Wenn der Code oben richtig ist wüsste ich nicht wo ich die Daten sonst lösche.
Es wird übrigens nicht beim Beenden gelöscht, sondern wenn ich eine neue Abfrage (from) starte.


----------



## Gelöschtes Mitglied 5909 (1. Jun 2010)

Notiz am Rande: 

Wieso machst du bei einem Select eine Transaktion auf?
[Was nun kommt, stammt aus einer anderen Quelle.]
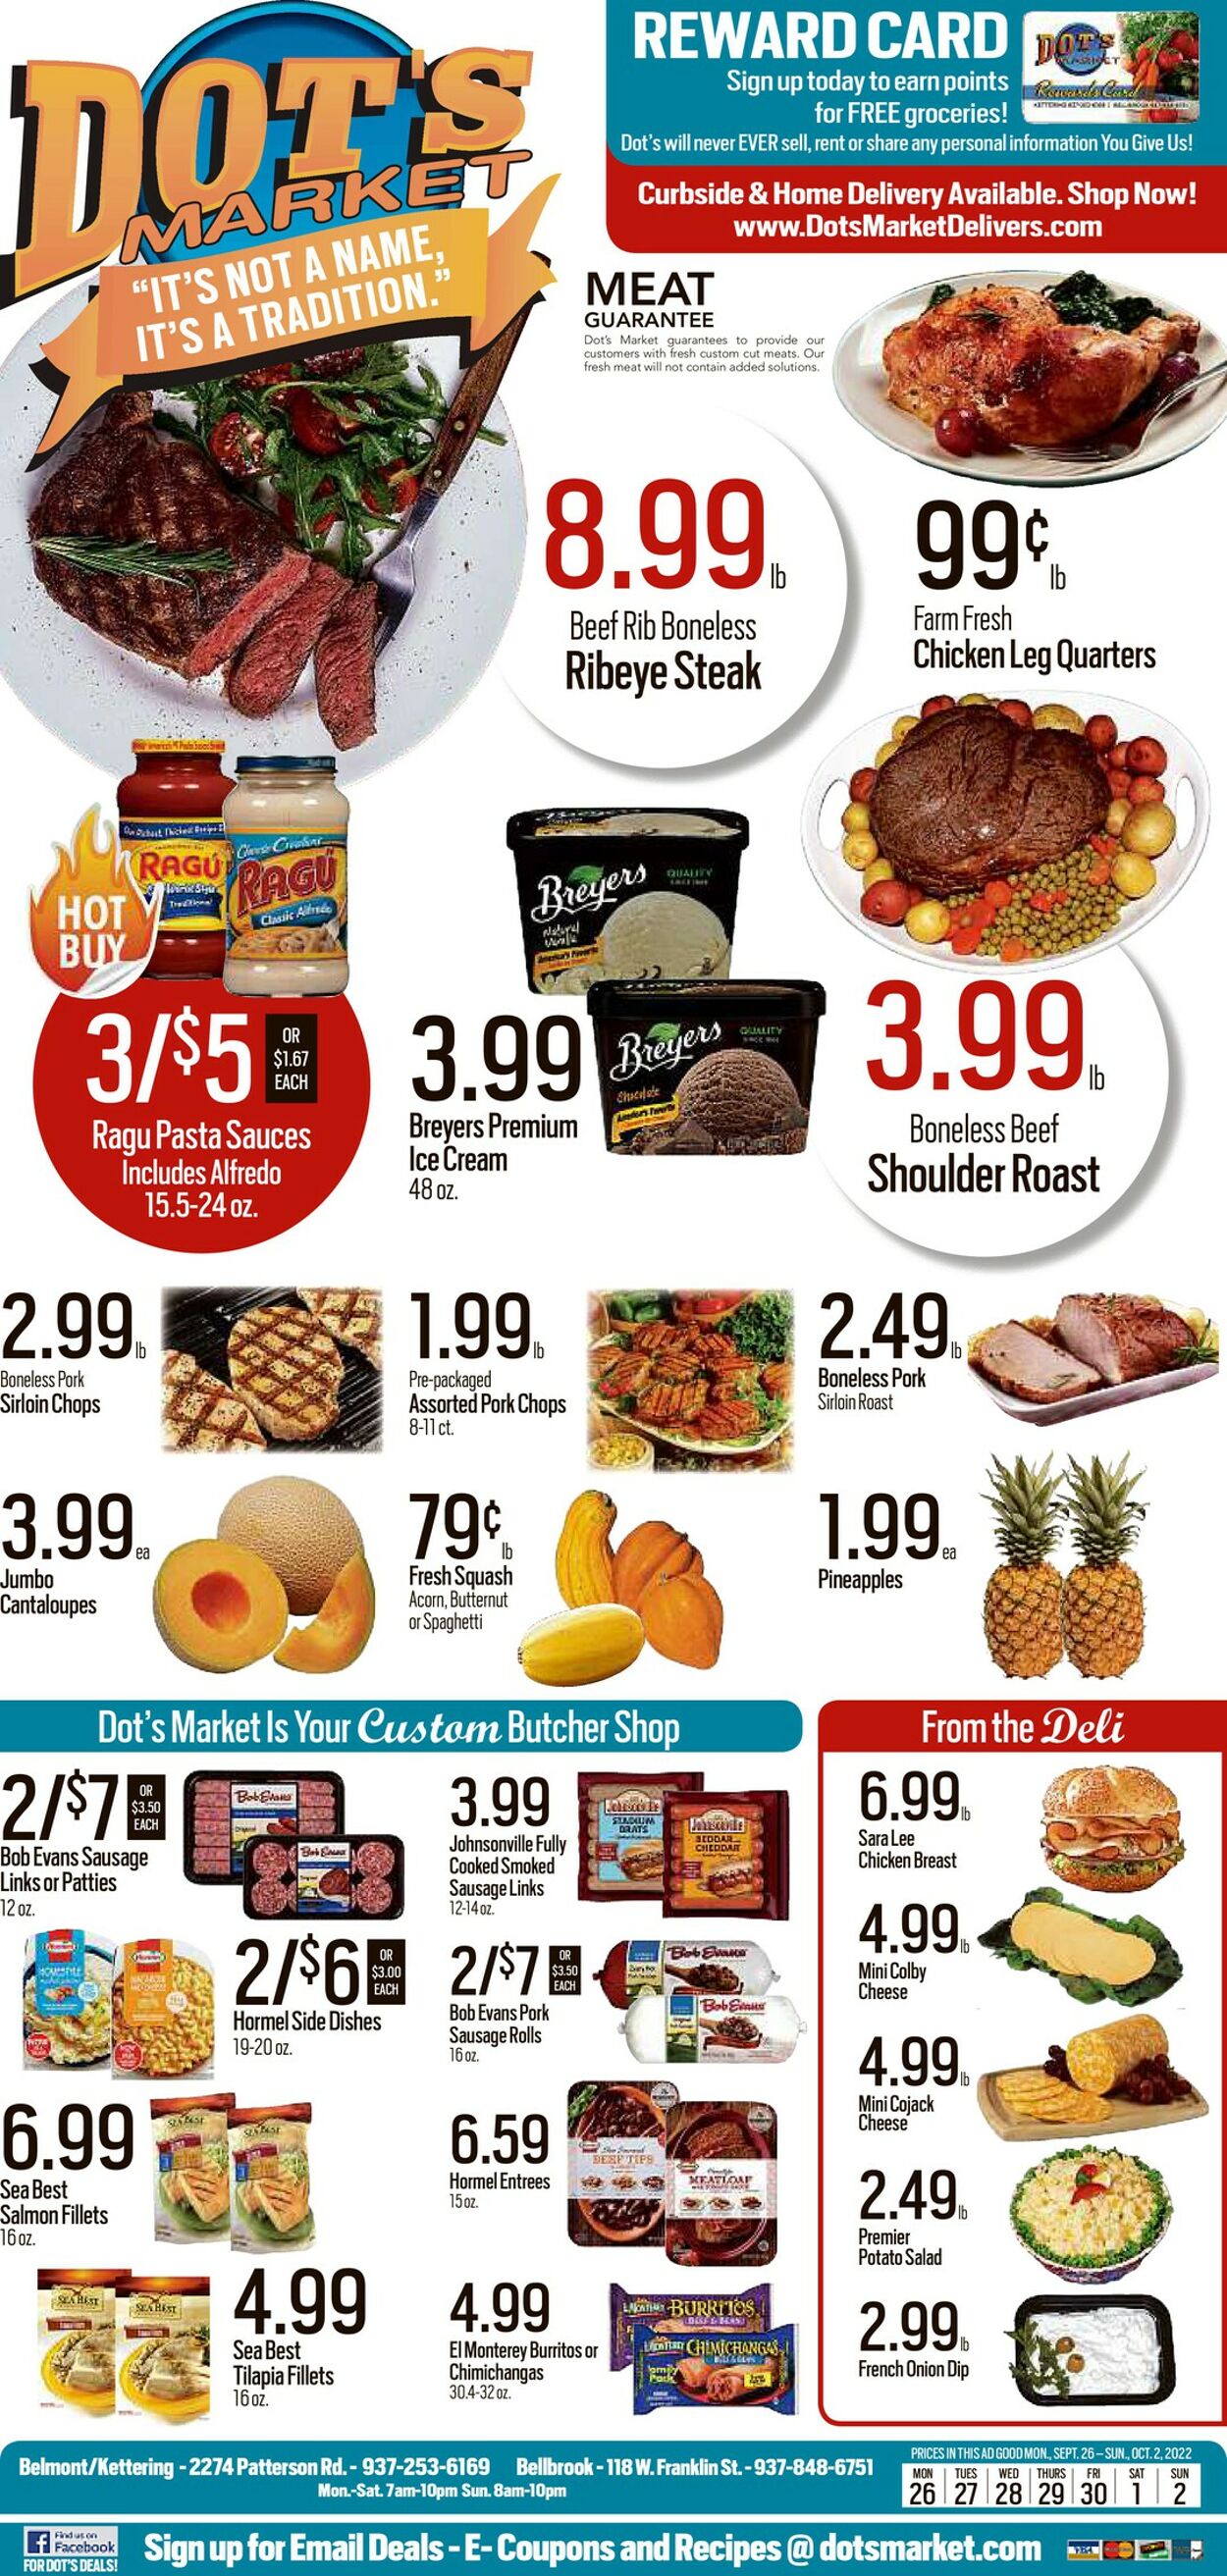 Dot's Market Promotional weekly ads

Das hat mit Java nix zu tun


----------



## Donke5 (1. Jun 2010)

raiL hat gesagt.:


> Notiz am Rande:
> 
> Wieso machst du bei einem Select eine Transaktion auf?
> 
> Das hat mit Java nix zu tun



Hmm keine Ahnung. Das Thema mit den Transaktionen und Sessions hab ich eh noch nicht so richtig verstanden...
Das Problem ist, dass ich vor 2 Monaten in der Vorlesung ohne Programmiererfahrung mit Java angefangen habe. 
Und da wir jede Woche eine Aufgabe machen müssen muss ich schauen, dass ich die zeitlich auf die Reihe bekomme.
Meiner Meinung nach zieht das Niveau so schnell an, da habe ich einfach nicht die Zeit dazu mich immer gut in ein Thema einzuarbeiten.
Bei dem Hibernate-Thema z.B. habe ich einfach ein Hibernate-Tut genommen und es für meinen Bedarf umgebaut.
Jedenfalls habe ich das Probiert.
Deswegen: Ich probiere mich ohne viel Hintergrundwissen an dem Thema... 
Am Sonntagabend wartet ja schon das nächste...


----------



## Gelöschtes Mitglied 5909 (1. Jun 2010)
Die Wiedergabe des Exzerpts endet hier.